MATERIALS AND METHODS

Recombinant SpyCas9 expression and purification

SpyCas9 and all other mutants were cloned into a custom pET-based expression vector encoding an N-terminal GST-tag followed by His6-tag and a thrombin protease cleavage site. Point mutations were introduced into SpyCas9 using site-directed mutagenesis and verified by DNA sequencing. Cas9 was expressed in Escherichia coli Rosetta 2 (DE3) (Novagen) and purified by chromatography on Ni-NTA Superflow (QIAGEN). After removing the tags by thrombin at 4°C overnight, cation exchange (SP sepharose) chromatography was used for further purification steps.

In vitro transcription and purification of RNA

sgRNAs were in vitro transcribed using T7 in vitro transcription kit (MEGAscript T7, Invitrogen) and polymerase chain reaction (PCR) generated DNA templates carrying a T7 promoter sequence. RNA product was gel-purified before use.

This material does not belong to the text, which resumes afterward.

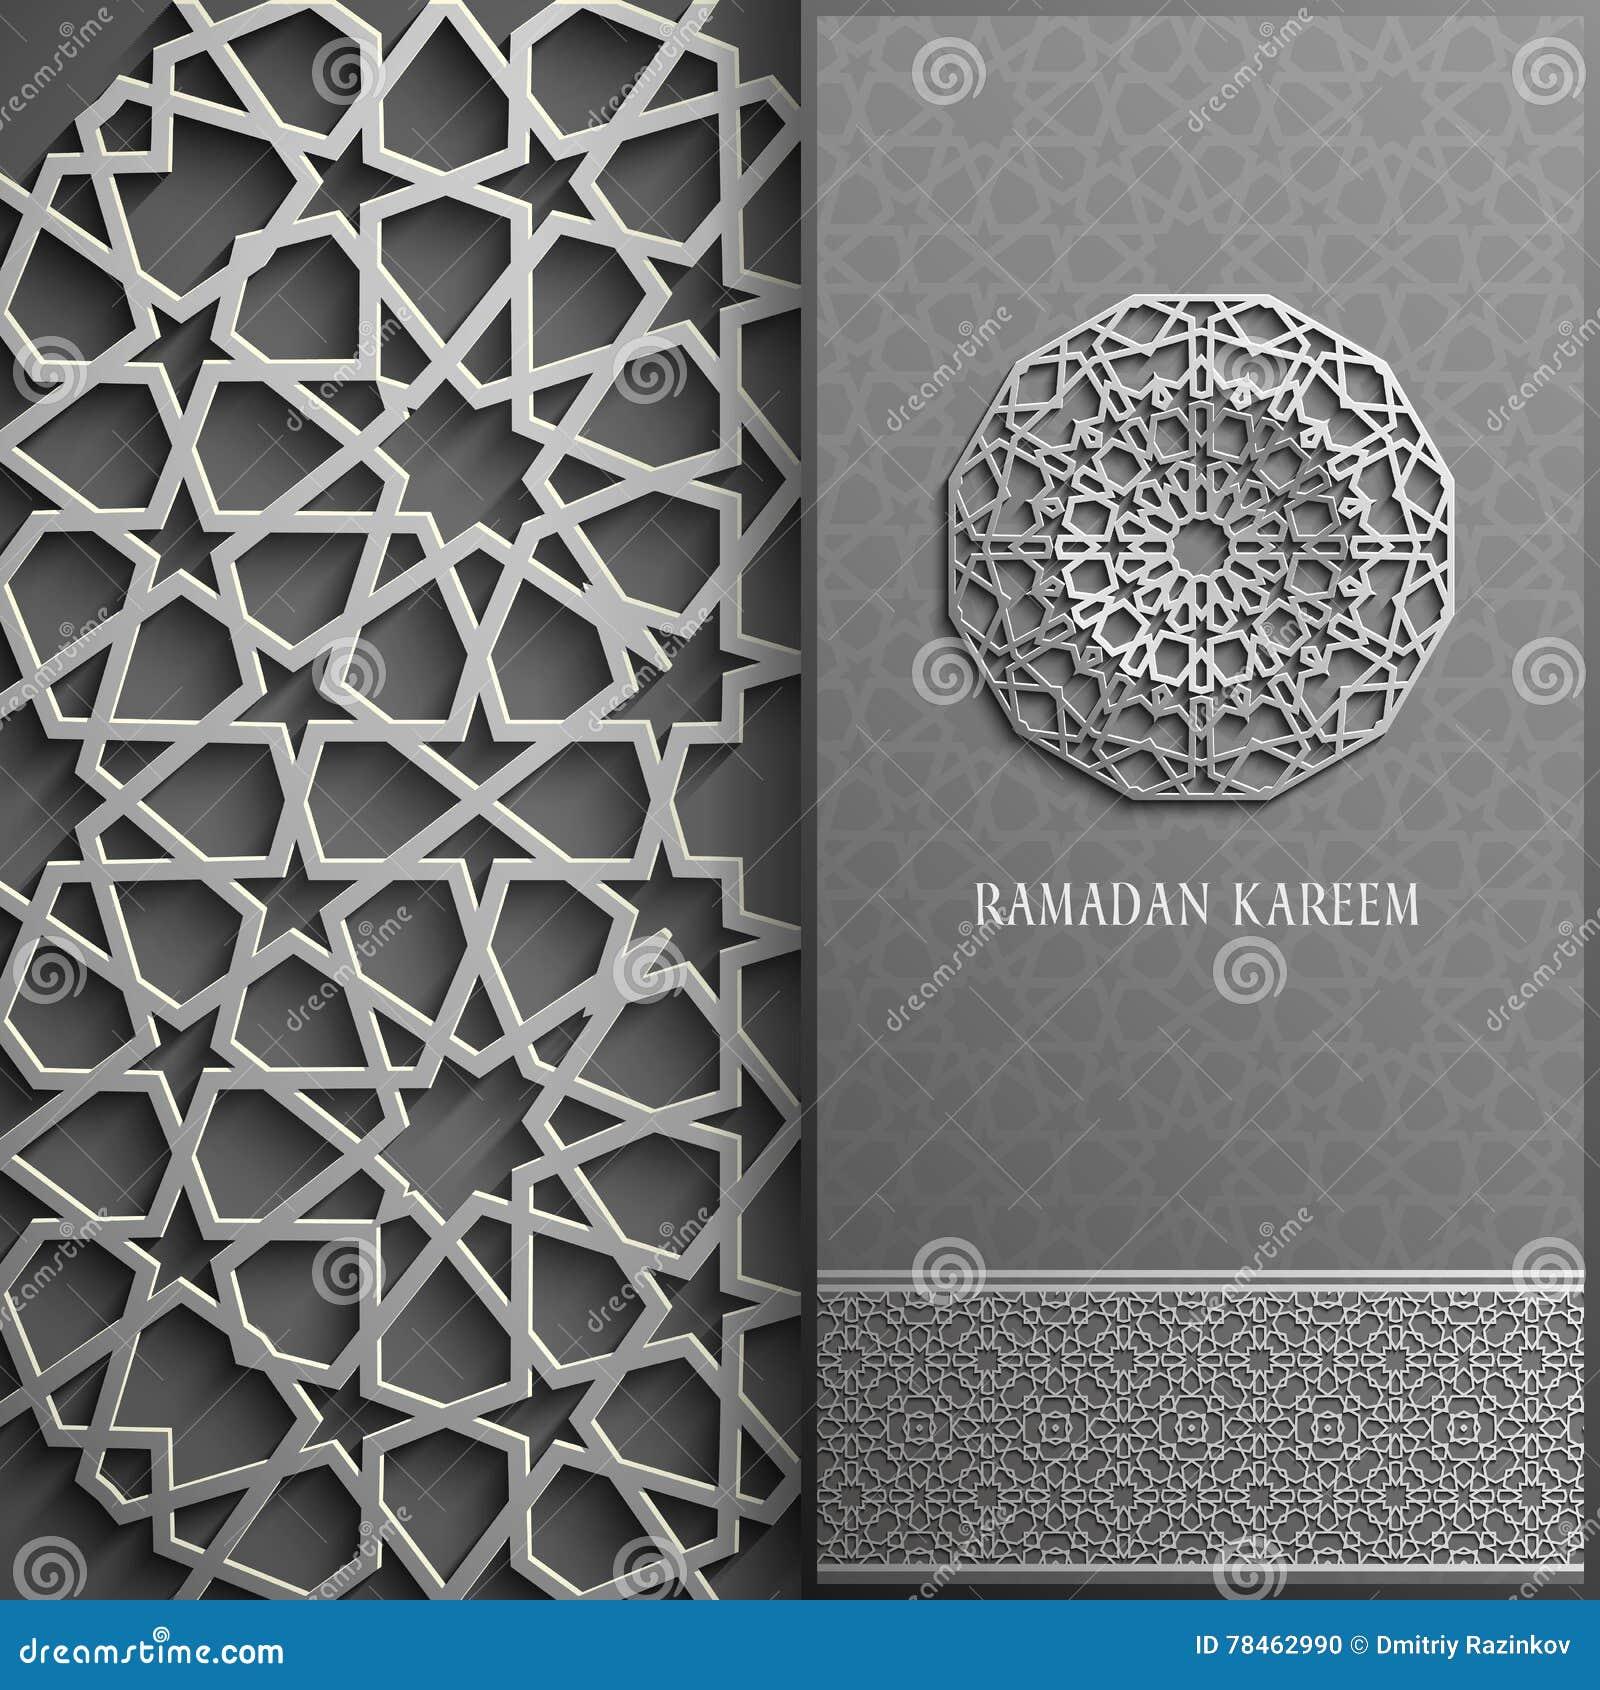 Ramadan Kareem-Grußkarte, islamische Art der Einladung Arabisches Kreismuster Verzierung auf Schwarzem, Broschüre
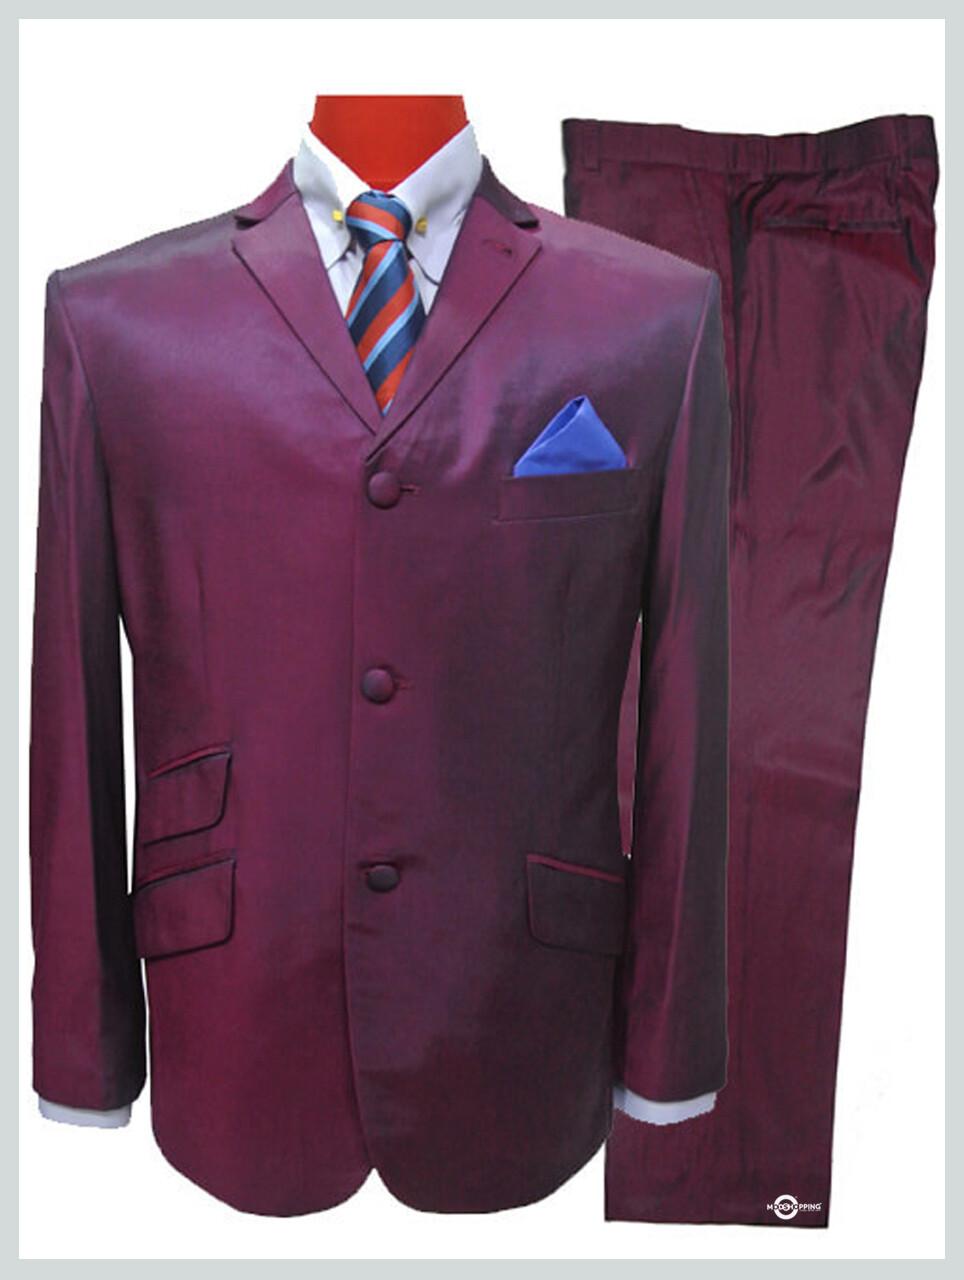 tonic suit burgundy wine mod fashion tonic suit for men,3 button tailored

Plasmid DNA cleavage assays

pUC19 based protospacer plasmids for in vitro cleavage assays were generated by annealed oligonulceotides between digested EcoR I and Hind III sites in PUC19. Ligated plasmids DNA were transformed into E. coli DH5a cells according to a standard heat shock protocol. Plasmid cleavage assays were carried out by using a custom-designed plasmid containing a 20-bp DNA target sequence and a 5′-TGG-3′ PAM motif. Purified SpyCas9 (final concentration 125 nM) and synthesized sgRNA (final concentration 375 nM) were pre-incubated in the cleavage buffer (20 mM HEPES, 100 mM KCl, 2 mM MgCl2) at room temperature for 15 min, 500 ng supercoiled plasmid were then added to the reaction mixtures and incubated at room temperature for various time points. The reactions were stopped with 6× sodium dodecyl sulphate loading buffer prior to loading on the agarose gel. Cleavage products were run on 1.2% agarose gels (1 × TAE buffer) and Midori Green (NIPPON Genetics Europe) staining. All experiments were replicated at least three times, and presented results are representative replicates. The gel images were further analyzed with ImageJ software. The cleavage rate constants (k) in Figure 5A were obtained from single-exponential fits of the relative amount of cleavage product at different time points. DNA cleavage experiments presented in Figures 3 and 5C were performed at 37°C for 2 h and contained 300 ng DNA and 200 nM Cas9–sgRNA complex.

Figure 5.

Figure 5.

(AD) Typical single-molecule fluoresce intensity and FRET time traces with different guide-target base-pairing length. (A) 12 bp, (B) 14 bp, (C) 16 bp, (D) 18 bp. (E) Dwell time analysis of folded and intermediate states of target DNA with 16 bp R-loop length. (F) Comparison of dwell time of folded and intermediate states between different R-loop length.

Figure 3.

Figure 3.

Effect of arginine-rich bridge helix in Cas9 on target digestion. (A) Docking of dsDNA on sgRNA–Cas9 complex (PDB ID: 4UN3); (B) Target digestion of target DNA by Cas9 or its mutants at different concentrations.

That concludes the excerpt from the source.